Парень примерился к самовару — странное дело с кипятком он, вроде бы казался полегче, а сейчас прямо какой-то неподъемный. С тоской поставил обратно на стол. Попробовал еще раз — такое ощущение, что этот пузатый горшок с трубой потолстел на пару пудов.
— Были бы у тебя ножки, сам бы побежал по дорожке, — взвыл Клав после четвертой безуспешной попытки. И подошел к окну.
По двору с грозными воплями бегала целая толпа, возглавляемая бер Грассом. Его тучную фигуру и матерый рев можно было распознать даже ночью. О причине переполоха долго гадать не приходилось — очевидно достопочтимый повар лишь недавно воротился от любезной каны Церки и обнаружил пропажу.
Откуда только силы взялись, Клав одной рукой подхватил самовар прямо за трубу и выскочил из аудитории. Попасться с такой уликой — значит подвергнуть себя не только выговору и долговременному аресту, но и подставиться под более серьезные неприятности. А бросить пузана вообще глупо: даже самый паршивый тхор мгновенно унюхает, кто хватался за бока самовара.
Клав перехватил самовар поудобнее и теперь держал его перед собой, страстно обнимая и галопом летел по длинному коридору. Хорошо, что сегодня они почти весь день провели в самом дальнем учебном корпусе, где обычно было малолюдно, да и преподаватели не любли ходить с лекциями на отшиб — этот ж переться в такую даль, да еще и через всеобщую выгребную яму переходить, чтобы сократить дорогу или в обход долго и нудно. Ладно, когда погода солнечная, а в такую пору — проще уж по бревнышку проскочить, чем версту отмахать.
Когда уважаемый канФлорец объяснял зеленым после марш-броска на десяток верст, что «в жизни всегда есть место подвигу, надо только держаться от этих самых мест подальше, а если уж приперло, то собраться и совершить его», — то Клав, как и прочие студиозусы, ему не верил. А теперь умудрился взлететь по вертикальной лесенке на смотровую башенку и даже втащить за собой самовар. По одной из легенд Универсариума, здесь не брали поисковые заклятия. Так что осталась только верить, что легенда, вернее тот, кто ее придумал, не соврал. Клав горестно обнял самовар и затаился.

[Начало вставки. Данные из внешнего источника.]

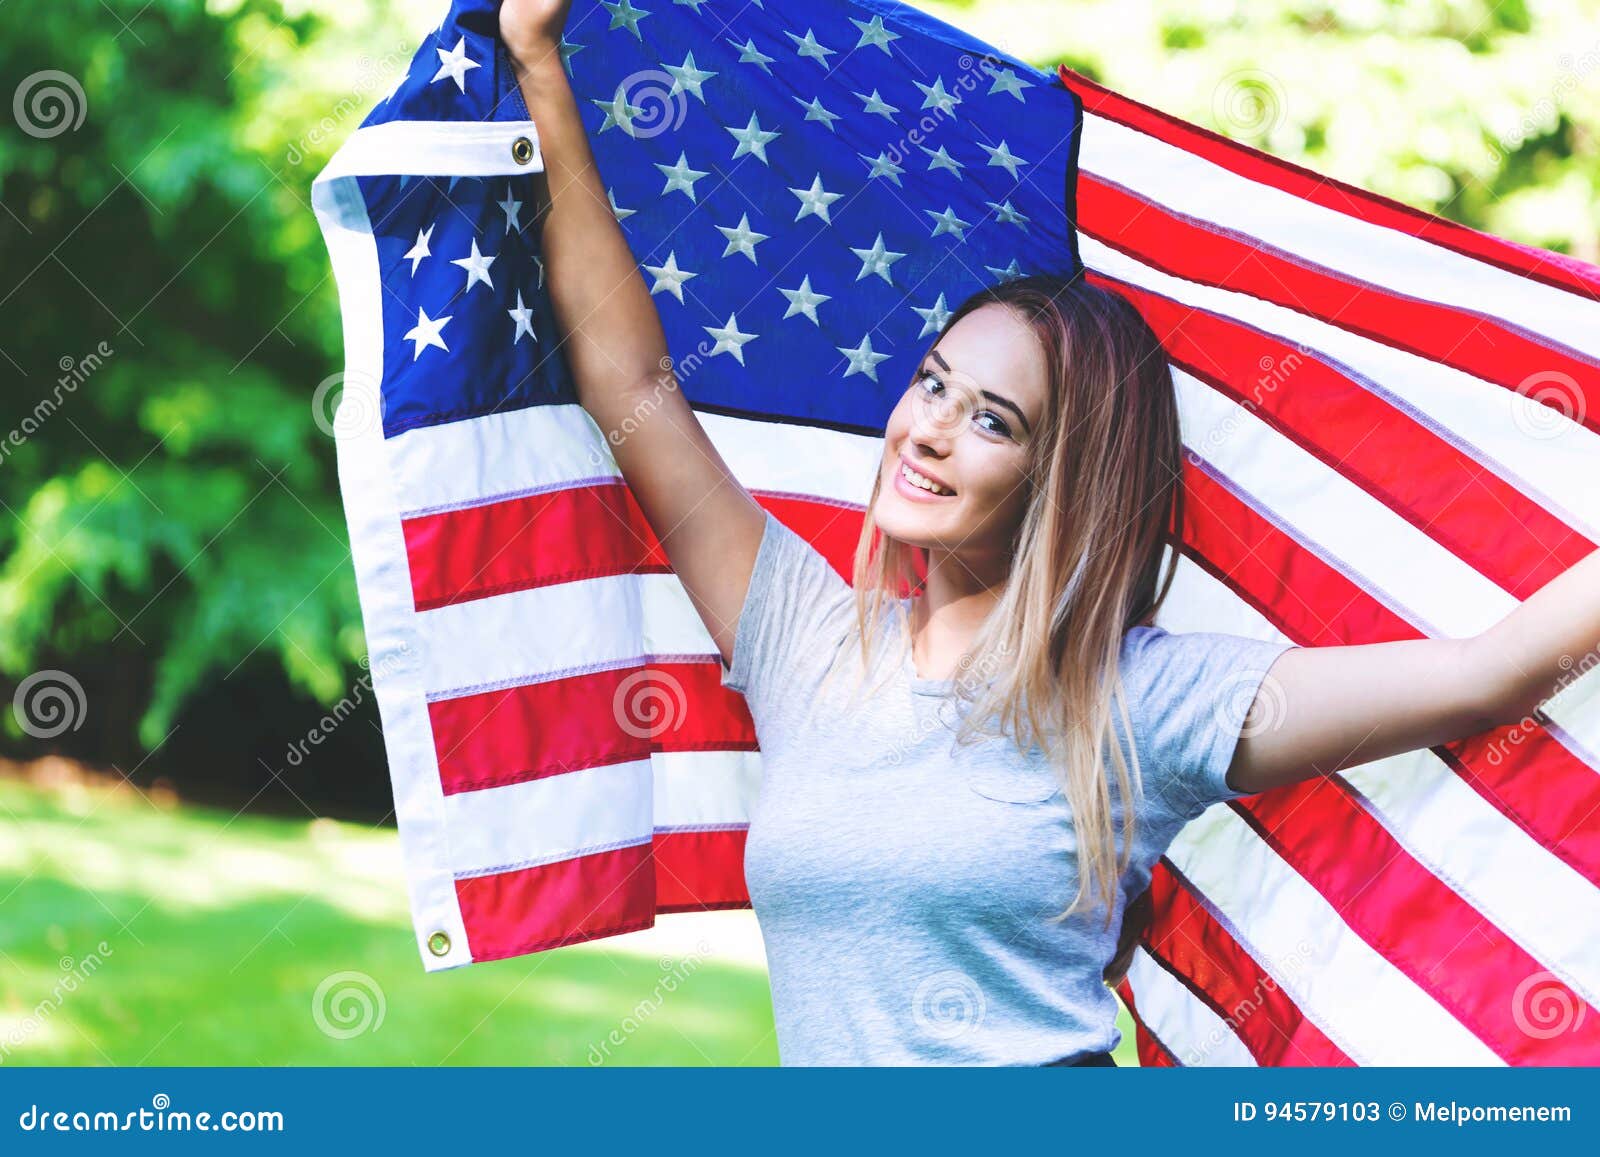 Русский девушки в америке. Девушка с американским флагом. Баба с флагом США. Девушка с английским и американским флагом. Девушка на фонеамерикансого флага.

Какая-то мерзкая тенденция сложилась за последние дни: приходится регулярно сидеть в башнях и мерзнуть. Еще и самовар остыл — обниматься с теплым было бы приятнее. Спуститься было нельзя — по двору Универсариума скакал повар с тремя кухарками, причем объемные барышни были вооружены скалкой. ухватом и кочергой. Если нагонят, да пока разберутся, лишь мокрое место останется, что и раскатать нечего будет. Клав осторожно в щелочку полюбовался на бегающие фигурки. Можно попробовать оттереть с самовара следы рук и тогда просто потихоньку слинять с башни, но как это сделать? Вещи то все на нем с его запахом… вроде бы было заклинание… Клав наморщил лоб, припоминая…
— Eta uraren… uvaren… ularen… ularen… gainazala… arlia…. argia izango da, eta… как там дальше? munduak? etengabe? ага! alde egingo du, eta horda или lesda…. lesda ausart… hauk… нет hauek xurgatu egingo dira… уф… ой… мля…
Когда от произносимых слов самовар раздулся, еще можно было поверить что эта работает очистительное заклинание, которое убирает все: отпечатки рук, энергетическую ауру и даже запах. Но потом самовар вдруг лопнул в боках. вернее его стенки с громким и зловещим хрустом распались, точно заклепки у замшелой бочки и эти натертые до блеска лепестки завернулись часть вверх, а часть закрутилась вниз. Труба скособочилась, пыхнула остатками жара и сплющилась на конце, превратившись в грозный клюв на длинной шее. Ручки треснули аккурат посередине и угрожающе растопырились в стороны. Поломанных самоваров Клав не видывал, а тем более так исковерканных, что обратно хрен выгнешь и слепишь. Но хуже всего было то, что эта штука полежав немного, поднялась на поломанные ручки, встряхнулась и недовольно клекотнула.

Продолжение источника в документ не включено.